### WHAT TO WORK ON
Would you retype the whole listing verbatim, keeping pictures out of it?

### GIVEN DATA
--- START ---

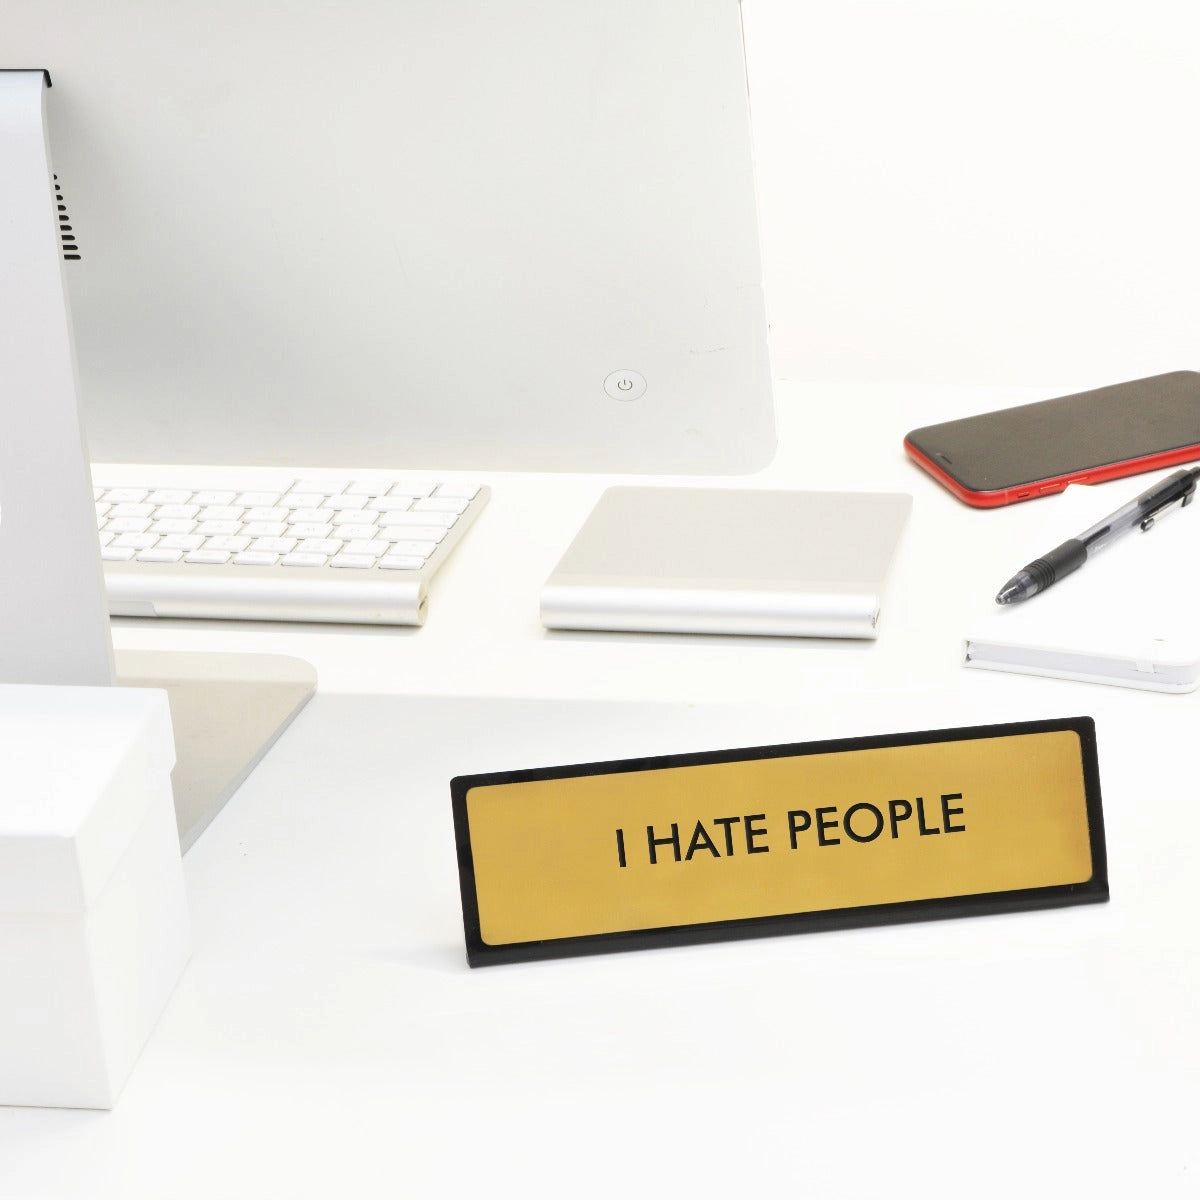 Schild "I HATE PEOPLE"
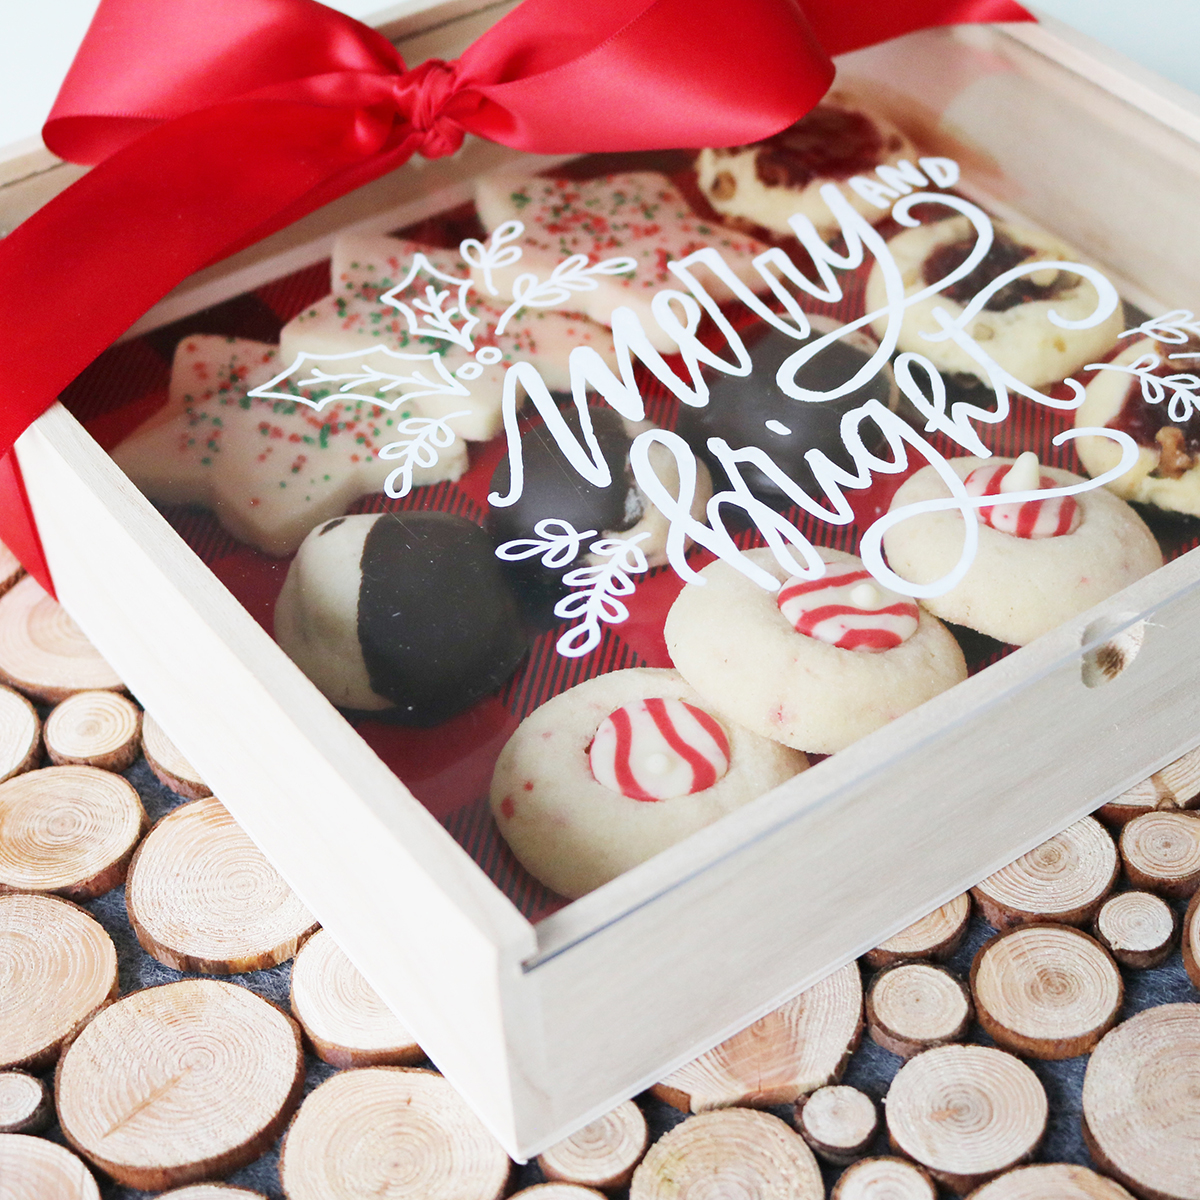 Sweet hostess gift wrapping inspiration | Creative Bag and Bake Sale Toronto
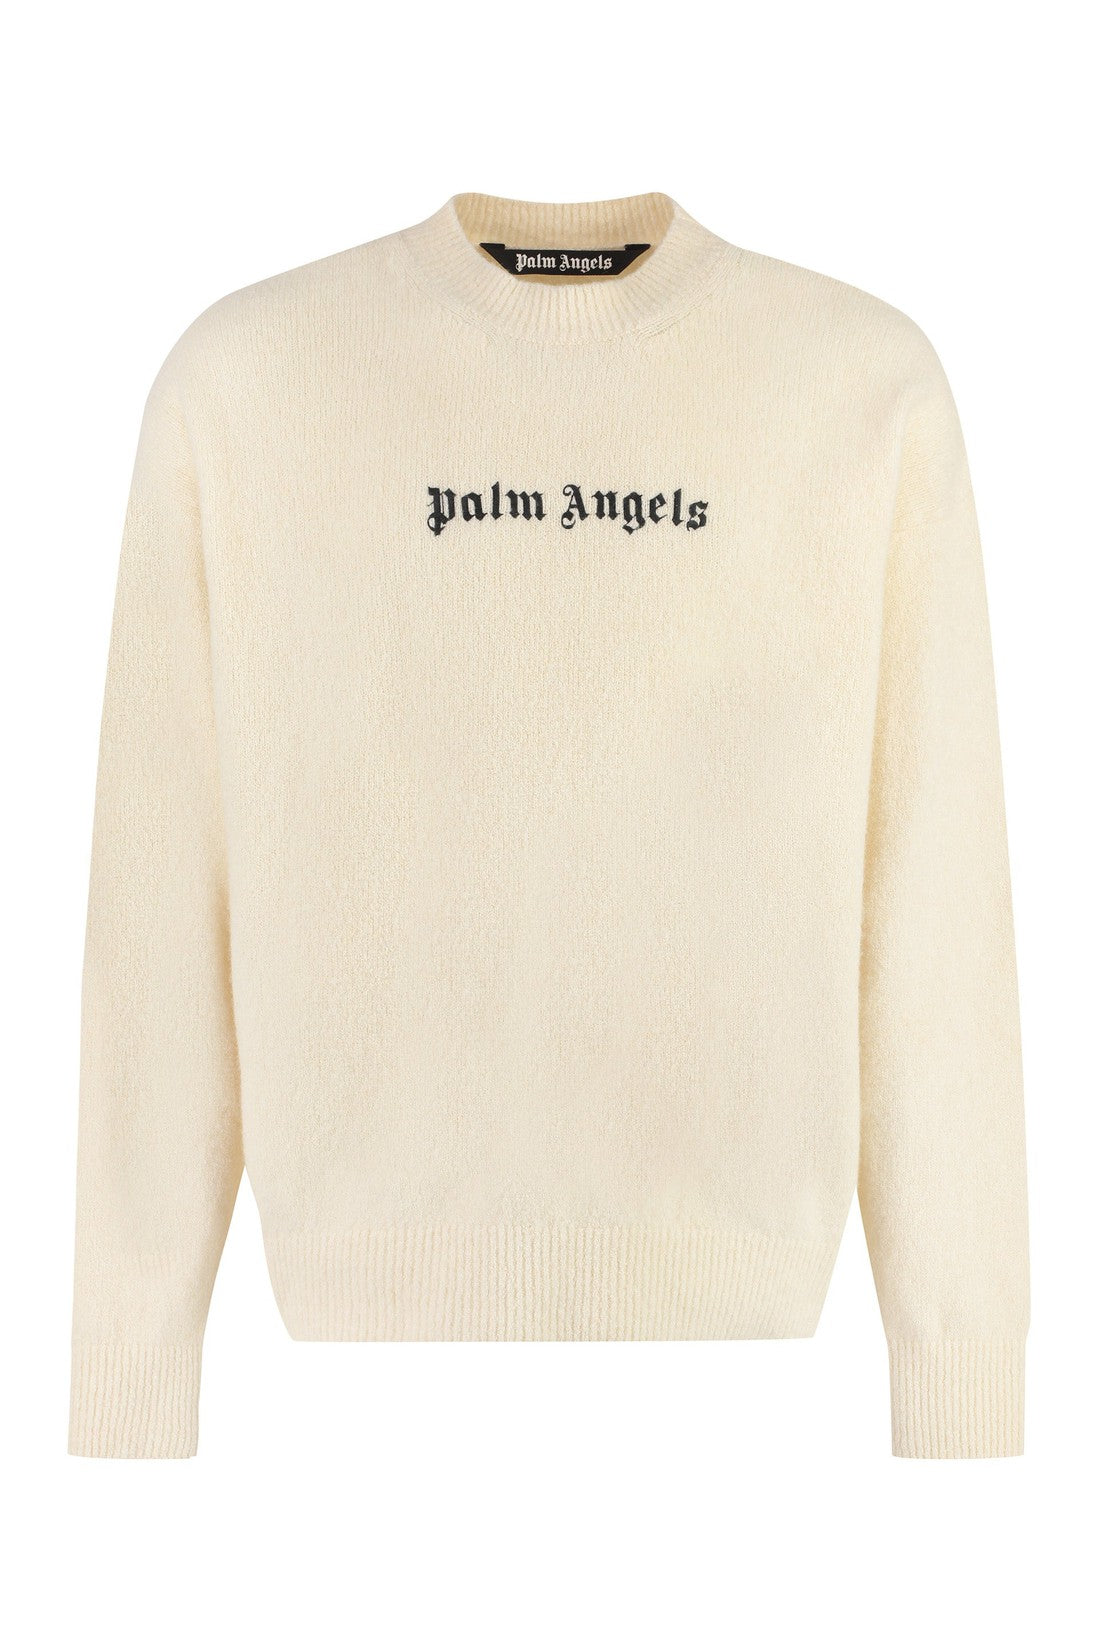 Palm Angels-OUTLET-SALE-Logo crew-neck sweater-ARCHIVIST
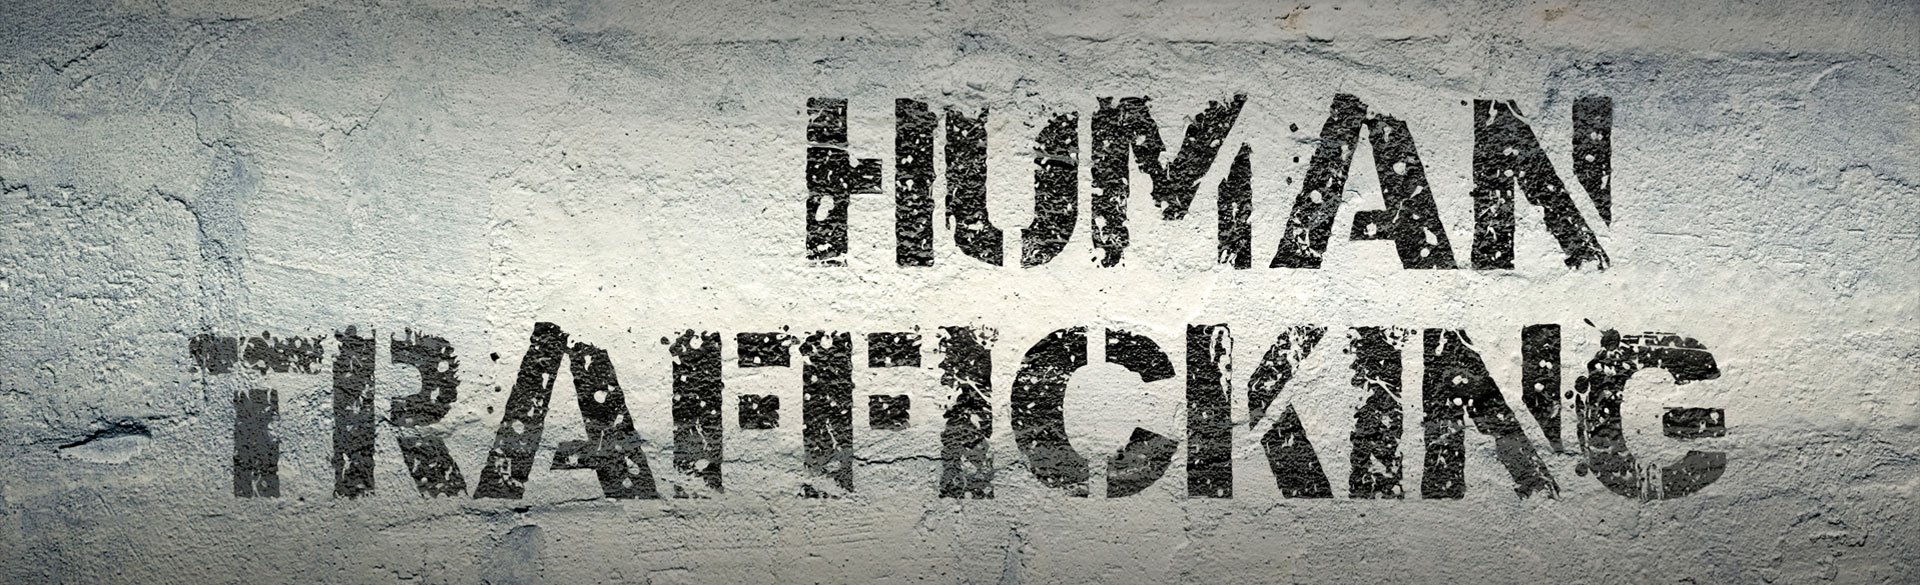 Human Trafficking wording on brick wall

--- END ---

### THE COMPLETED TASK
 Schild "I HATE PEOPLE"
 Sweet hostess gift wrapping inspiration | Creative Bag and Bake Sale Toronto
 Palm Angels-OUTLET-SALE-Logo crew-neck sweater-ARCHIVIST
 Human Trafficking wording on brick wall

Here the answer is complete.